_WORK TO BE COMPLETED_: Return the data exactly, without pictures.

::: DATA SECTION :::

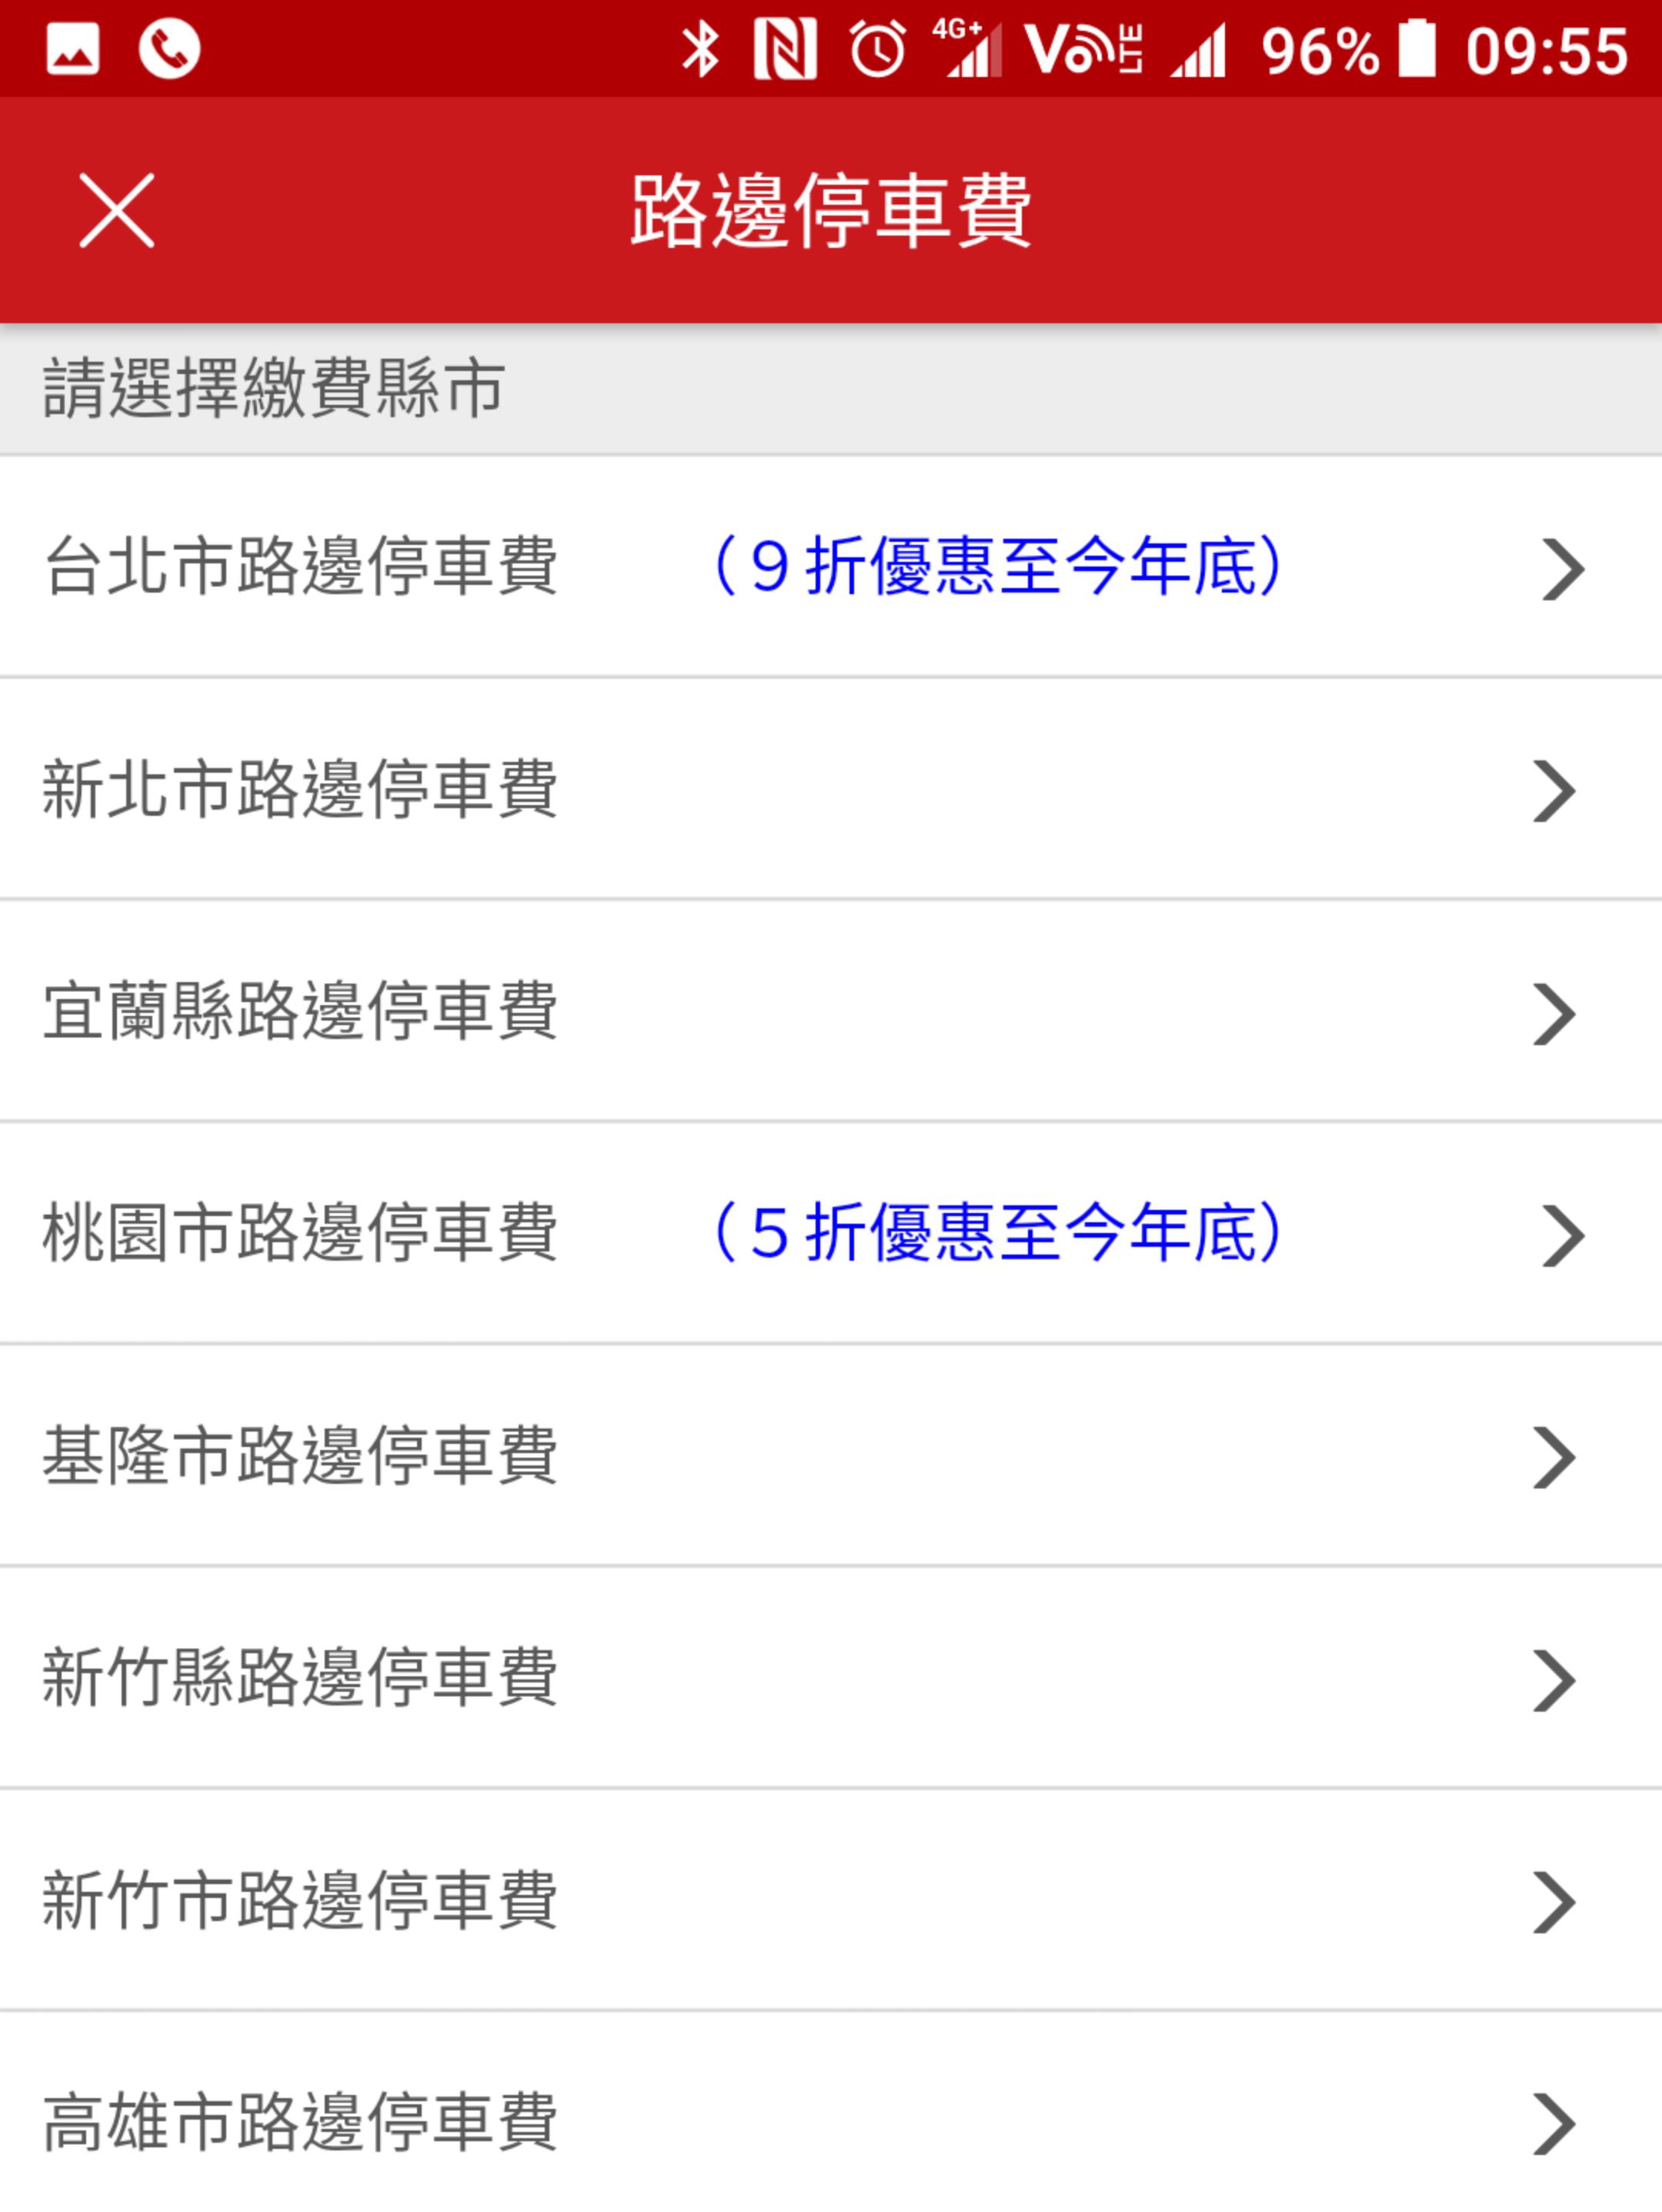 「手機應用」行動支付新選擇「街口支付」實際使用分享 - 11
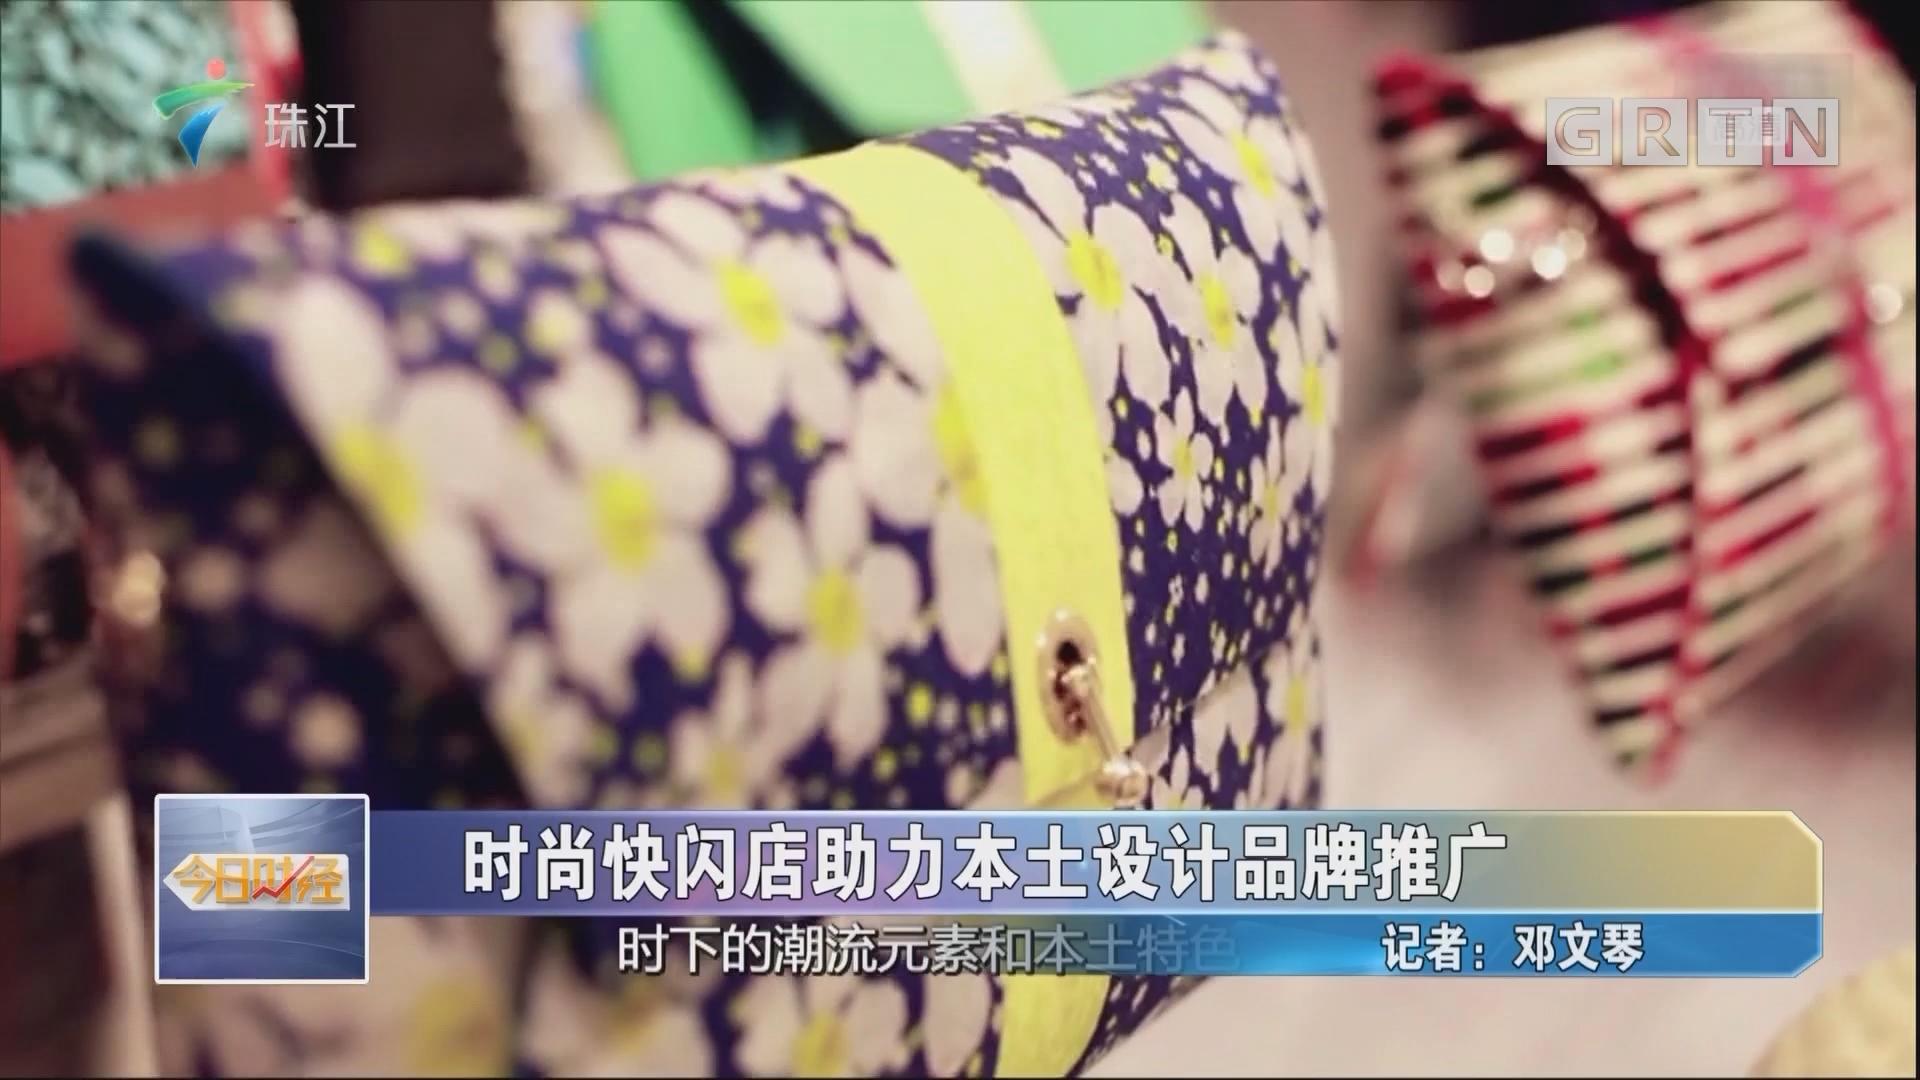 时尚快闪店助力本土设计品牌推广
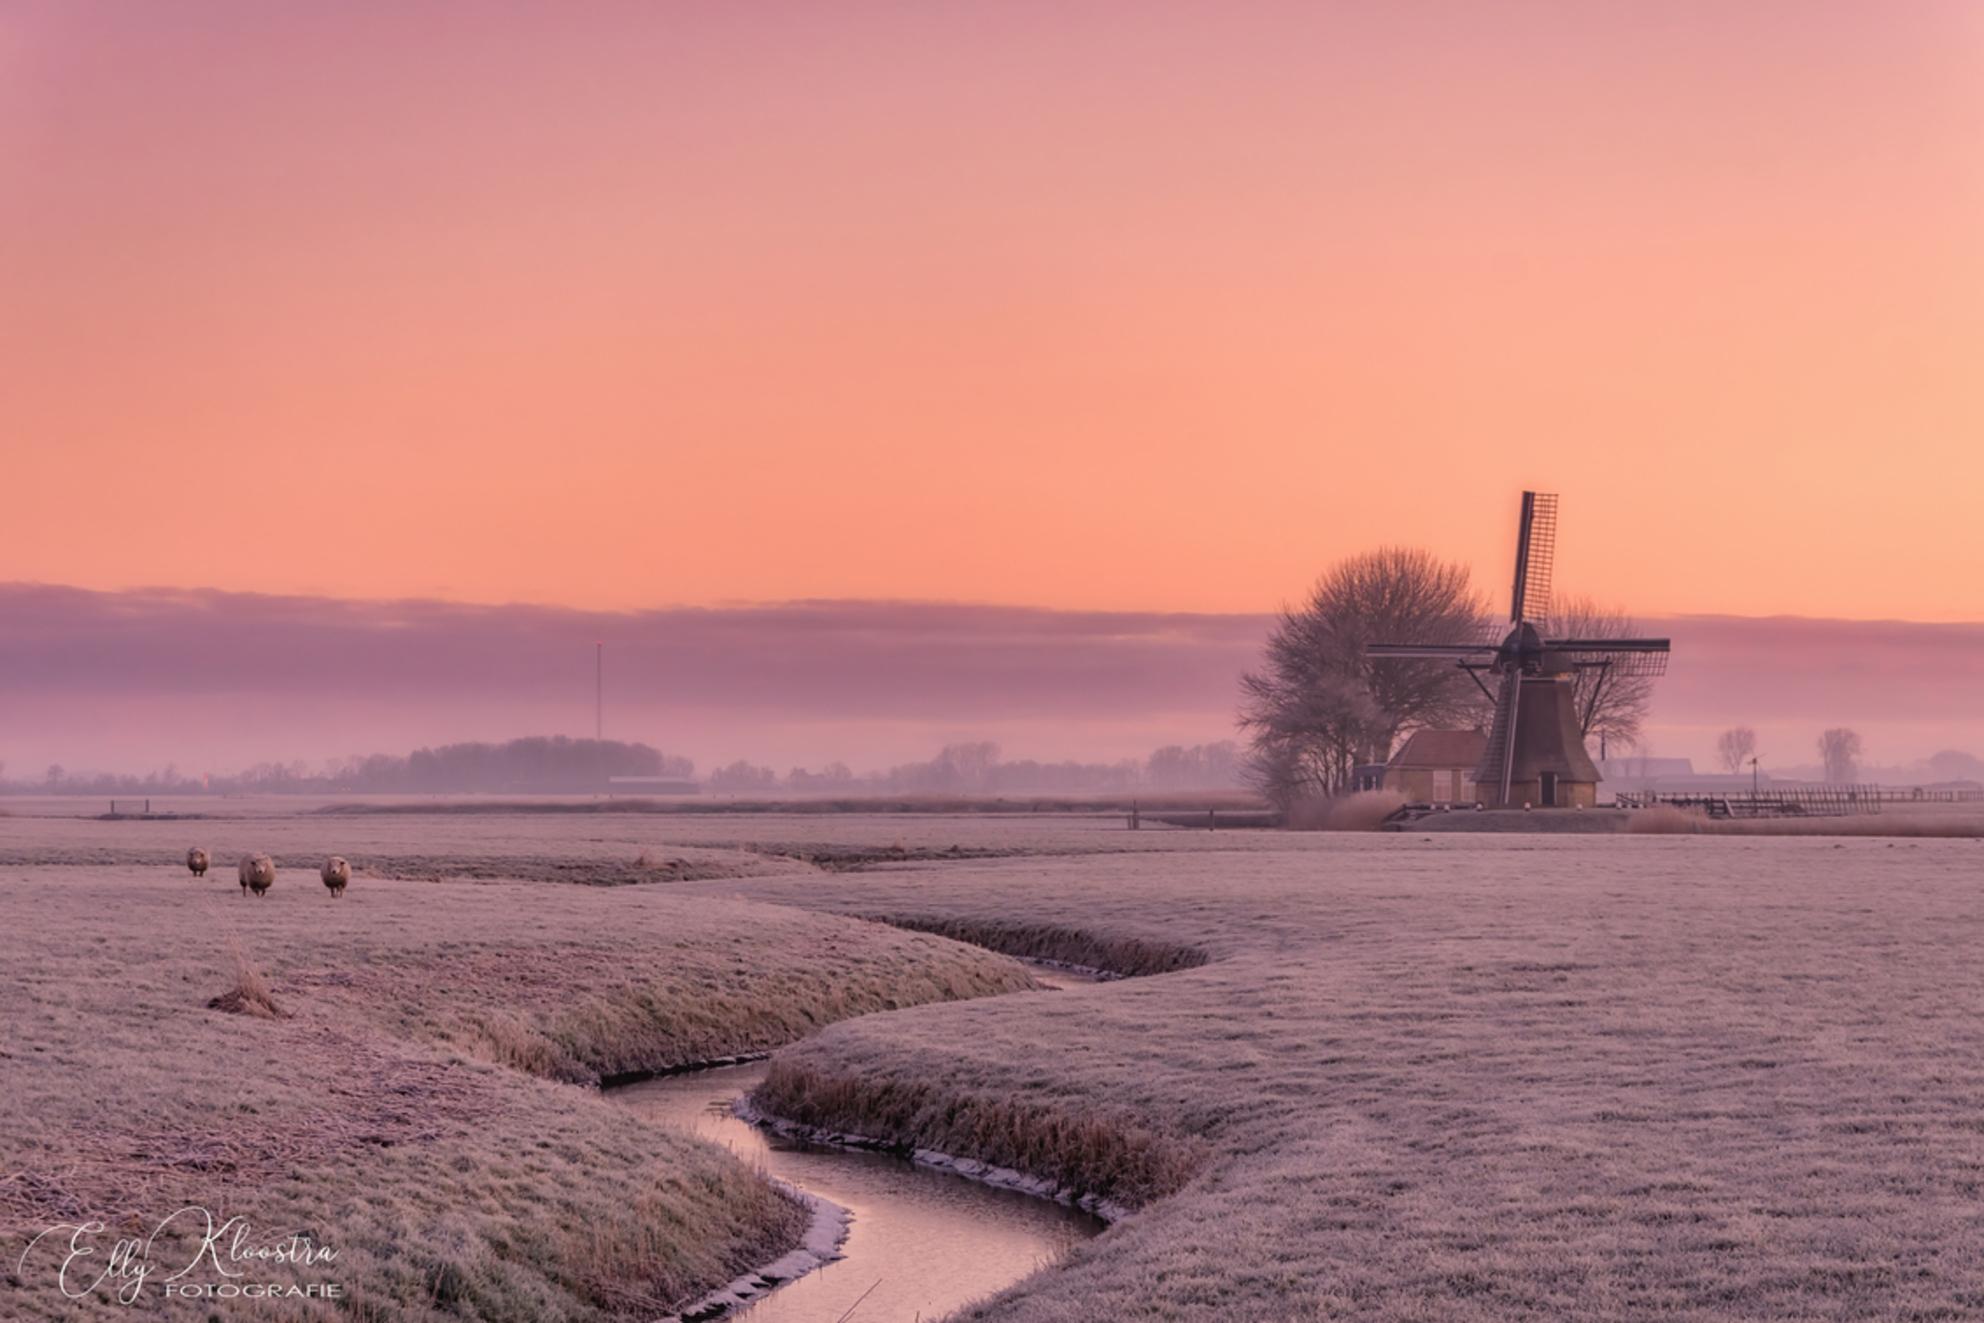 Prachtige zonsopgang - - - foto door Ellyfotografie op 03-03-2021 - deze foto bevat: roze, kleuren, water, schaapjes, winter, ijs, landschap, zonsopkomst, bomen, molen, nederland, friesland

:::

_RESPONSE TO THE EXERCISE_:
 「手機應用」行動支付新選擇「街口支付」實際使用分享 - 11
 时尚快闪店助力本土设计品牌推广
 Prachtige zonsopgang - - - foto door Ellyfotografie op 03-03-2021 - deze foto bevat: roze, kleuren, water, schaapjes, winter, ijs, landschap, zonsopkomst, bomen, molen, nederland, friesland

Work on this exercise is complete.